Notice that if the "filename" argument is not
true, the code gets compiled to this:
panic% perl -MO=Deparse,-p -e 'open IN, "" || die $!'
open(IN, die($!));
which causes the program to die($!) without any
reason in $!:
panic% perl -e 'open IN, "" || die $!'
Died at -e line 1.
while if we do the right thing, we should see the reason for the
open( ) failure:
panic% perl -e 'open IN, "" or die $!'
No such file or directory at -e line 1.
Also consider:
panic% perl -MO=Deparse,-p -e 'select MYSTD || die $!'
select(MYSTD);
Since select( ) always returns a true value, the
right part of the expression will never be executed. Therefore, Perl
optimizes it away. In the case of select( ), it
always returns the currently selected file handle, and there always
is one.
We have used this cool -MO=Deparse technique
without explaining it so far. B::Deparse is a
backend module for the Perl compiler that generates Perl source code,
based on the internal compiled structure that Perl itself creates
after parsing a program. Therefore, you may find it useful while
developing and debugging your code. We will show here one more useful
thing it does. See its manpage for an extensive usage manual.

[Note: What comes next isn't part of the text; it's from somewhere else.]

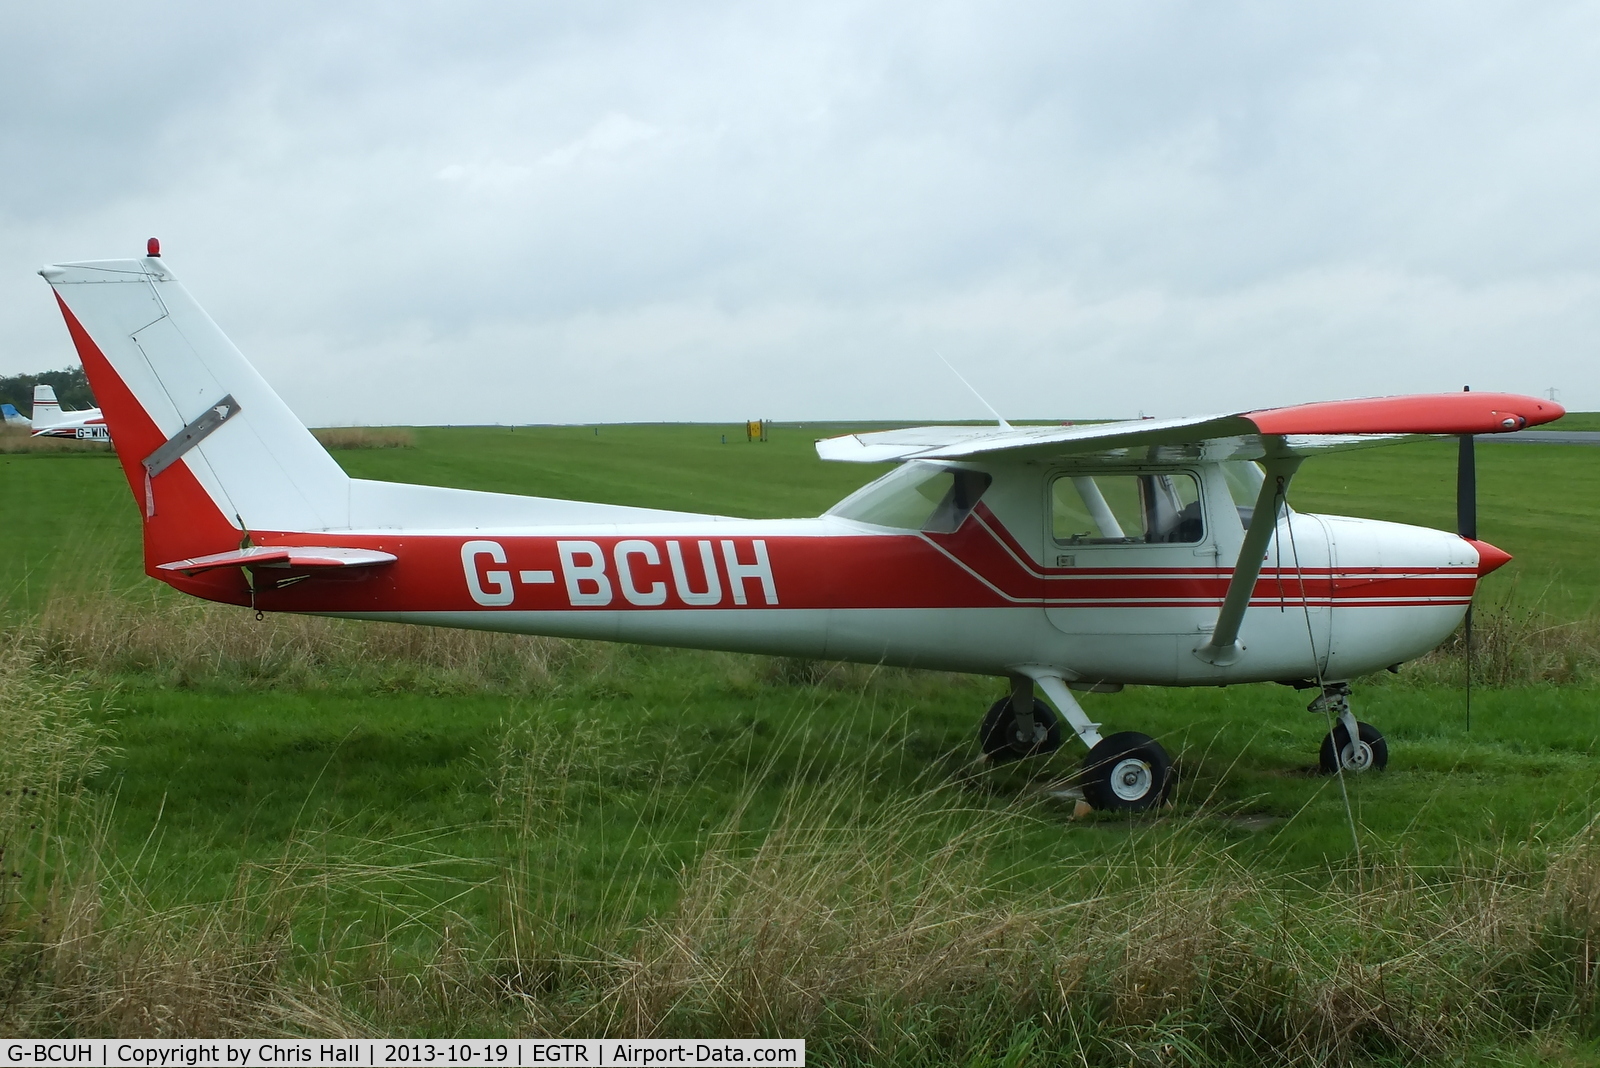 G-BCUH, 1975 Cessna F150M C/N 1195, privately owned

When you use the -p option, the output also
includes parentheses (even when they are not required by precedence),
which can make it easy to see if Perl is parsing your expressions the
way you intended. If we repeat the last example:
panic% perl -MO=Deparse,-p -e 'open IN, "filename" or die $!'
(open(IN, 'filename') or die($!));
we can see the exact execution precedence. For example, if you are
writing constructor code that can serve as a class method and an
instance method, so you can instantiate objects in both ways:
my $cool1 = PerlCool->new( );
my $cool2 = $cool1->new( );
and you are unsure whether you can write this:
package PerlCool;
sub new {
my $self = shift;
my $type = ref $self || $self;
return bless { }, type;
}
or whether you have to put in parentheses:
my $type = ref ($self) || $self;
you can use B::Deparse to verify your assumptions:
Indeed, ref( ) has a higher precedence than
||, and therefore this code will do the right
thing:
my $type = ref $self || $self;
On the other hand, it might confuse other readers of your code, or
even yourself some time in the future, so if you are unsure about
code readability, use the parentheses.
Of course, if you forget the simple mathematical operations
precedences, you can ask the backend compiler to help you. This one
is obvious:
Just as we explained earlier, the and operator has
a lower precendence than the = operator. We can
explicitly see this in the output of B::Deparse,
which rewrites the statement in a less obscure way.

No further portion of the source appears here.